AGWA dedicates this exhibition to the memory of Dr Robert Bell AM. Dr Bell, who died this year in Canberra, was the Curator of Crafts and Design at the Gallery from 1977 until 2000, before leaving to take up the post of Senior Curator of Decorative Arts and Design at the National Gallery of Australia, Canberra, where he worked until 2016. Not only was he one of the most important figures to have worked at this institution, his contribution to the development and understanding of national and international decorative arts, crafts and design is unparalleled.

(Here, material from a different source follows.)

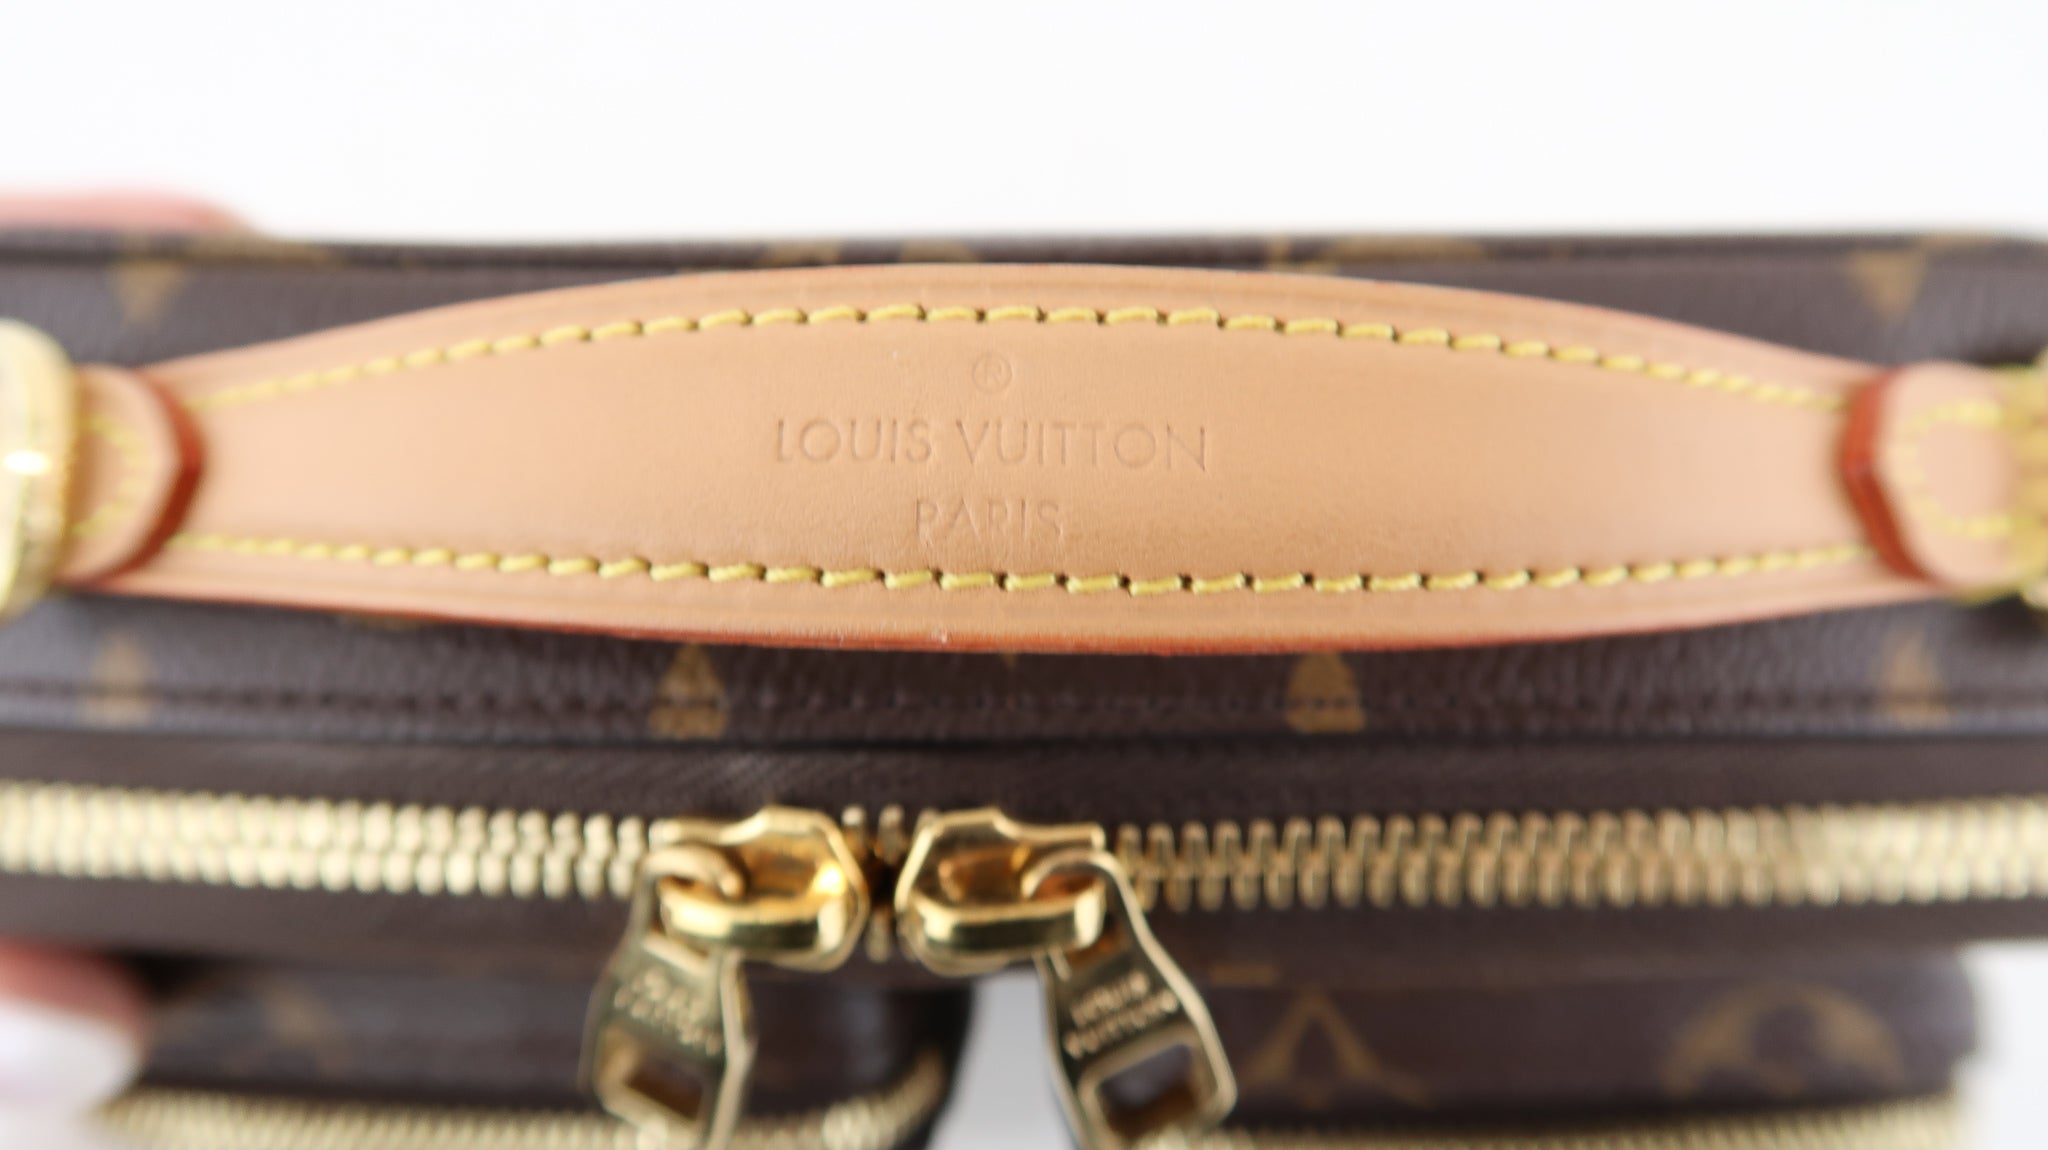 How to turn your LV wallet into a crossbody ☺️💕 #louisvuitton #lv #lo

During his time at the Gallery, Dr Bell acquired around 1800 works in glass, jewellery, metalwork, woodwork, furniture and ceramics. This accounts for approximately 10% of our State Art Collection. In numbers alone his legacy is enormous, and in every way his work built the craft and design collection that we all enjoy today. Within this exhibition, works he acquired can be identified by the dates on the acquisition line on individual labels: everything between 1977 and 2000 came in through his efforts. If you take the time, you will see for yourself the depth of his contribution, and recognise that the objects he brought into the collection resonate at the very heart of this exhibition. You will also get a glimpse of the diversity of his interests, as the material ranges from Victorian mourning jewellery, to Western Australian innovators, to major works by the best in Australian and international contemporary jewellery, including Johannes Kuhnen and Wendy Ramshaw.

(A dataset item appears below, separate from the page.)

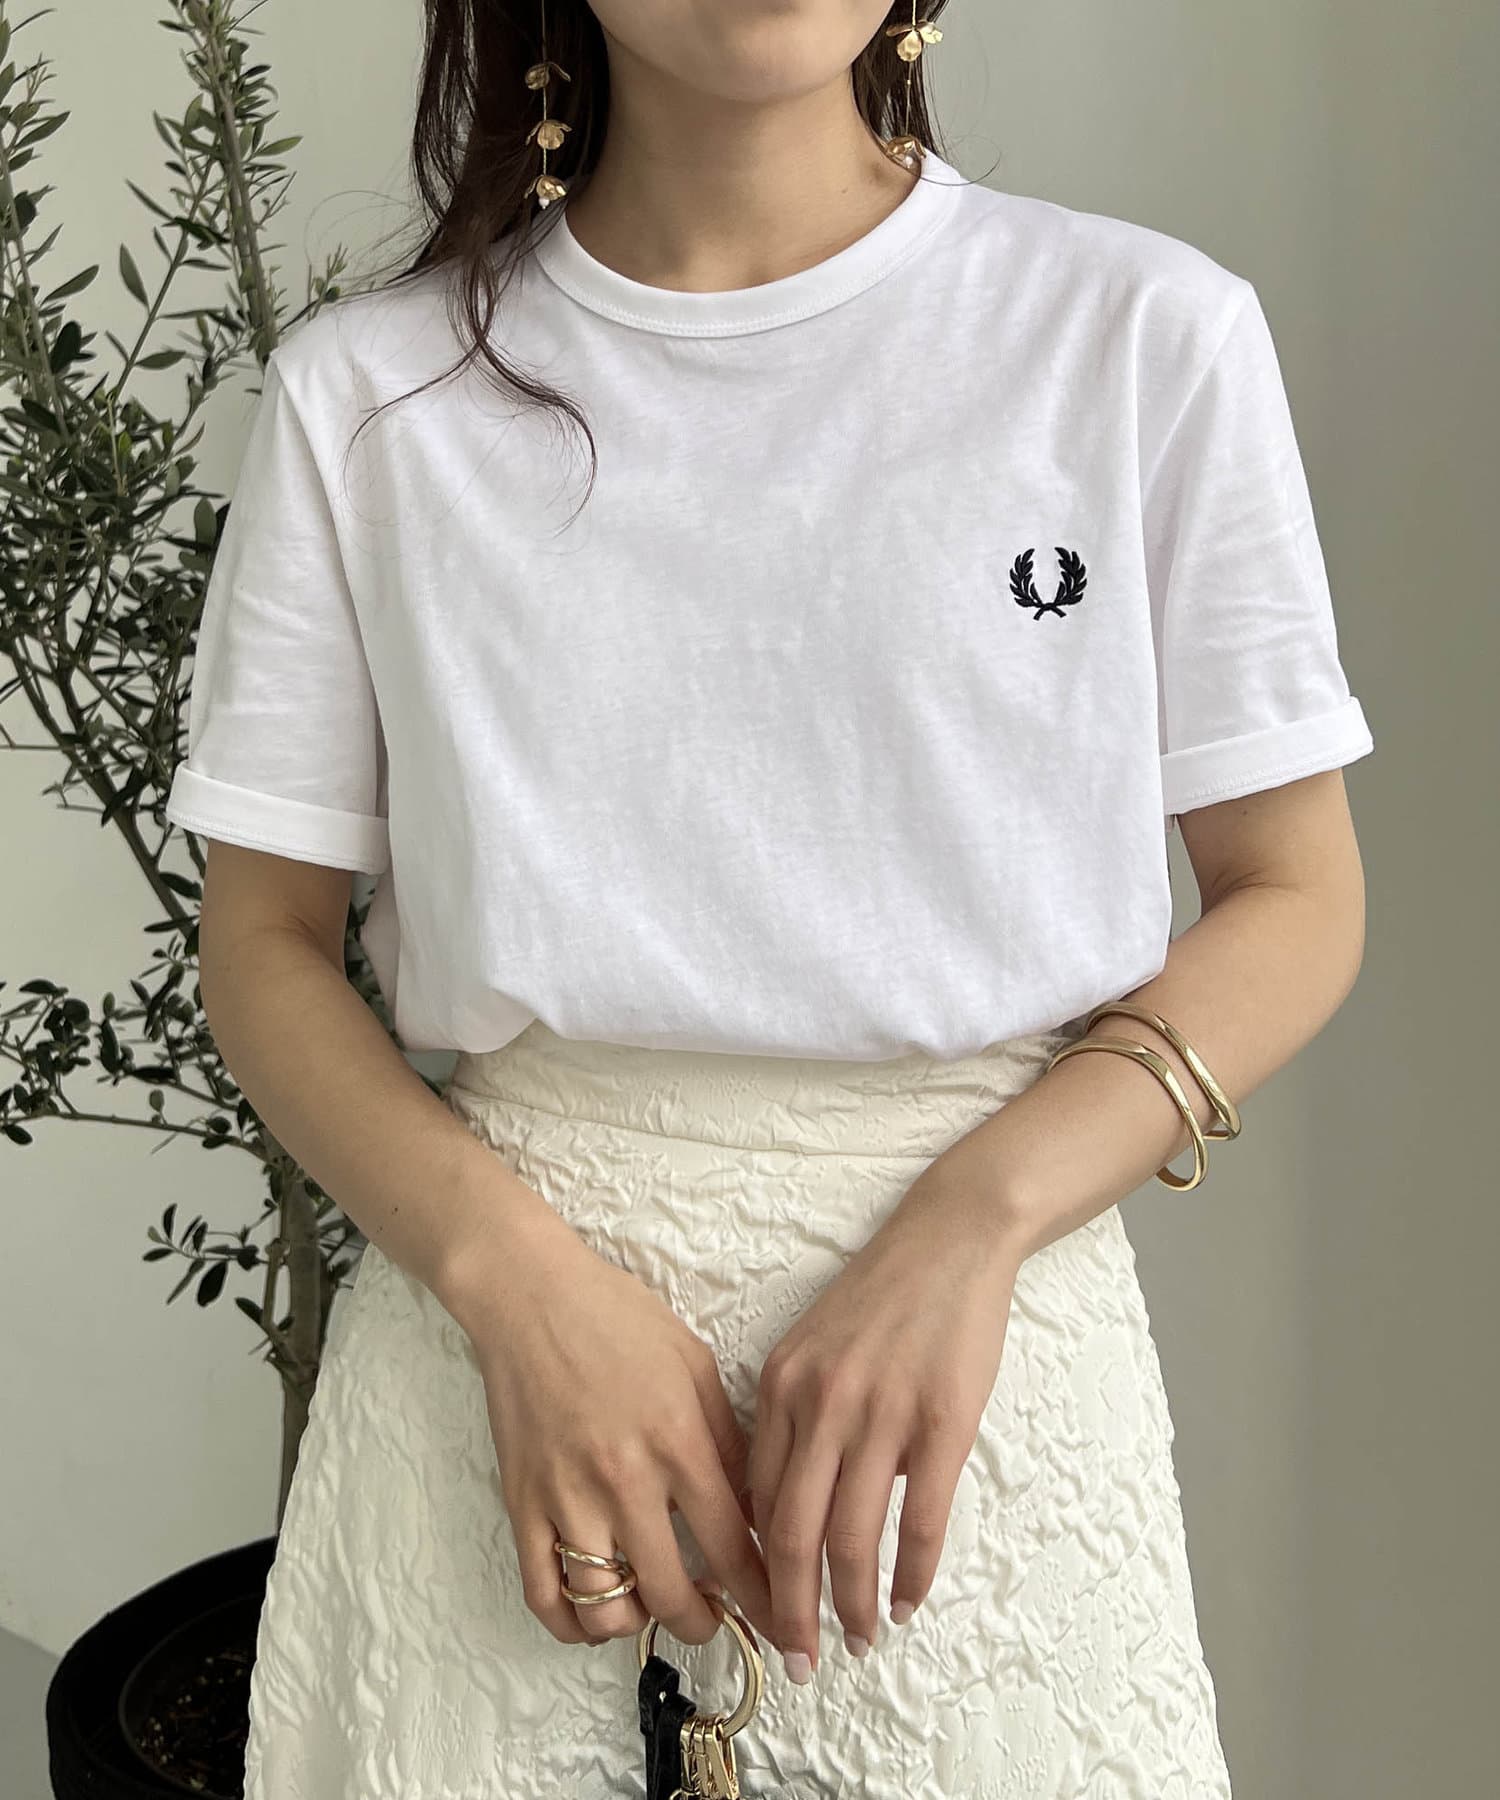 CAPRICIEUX LE'MAGE(カプリシュレマージュ) 【WEB・一部店舗限定】〈FRED PERRY〉ワンポイントTシャツ

It is clear that Dr Bell’s stewardship of the collection ensured that craft and design material was at the core of our collecting and exhibition programs; it remains so because of his work. A principle achievement was his directorship of the three major Australian International Crafts Triennials he produced during his tenure (in 1989, 1992 and 1998). These were enormous undertakings, composed of several exhibitions each, that elegantly choreographed an international dialogue between makers from different traditions and diverse media bases. They were the result of significant research and travel and the cultivation of rich professional and personal connections with all of the artists involved. Their quality was ensured by his passion, his historical and philosophical acuity, and his consummate eye and feel for all the details of exhibition making. These exhibitions stand as brilliant moments of curatorial endeavour and have never been replicated in this country. As with all of his achievements here, the Triennials firmly internationalised the Gallery’s approach to craft and design. His work helped to make AGWA a place where local, national and international makers could be inspired, respected, and assured that the very best examples of their chosen art forms would meet a wide, appreciative public.

The entire staff of the Gallery, past and present, is hugely indebted to his unique vision and dedication and we offer him our profound gratitude. Dr Bell’s place in the cultural history of this country and the world is uncontested.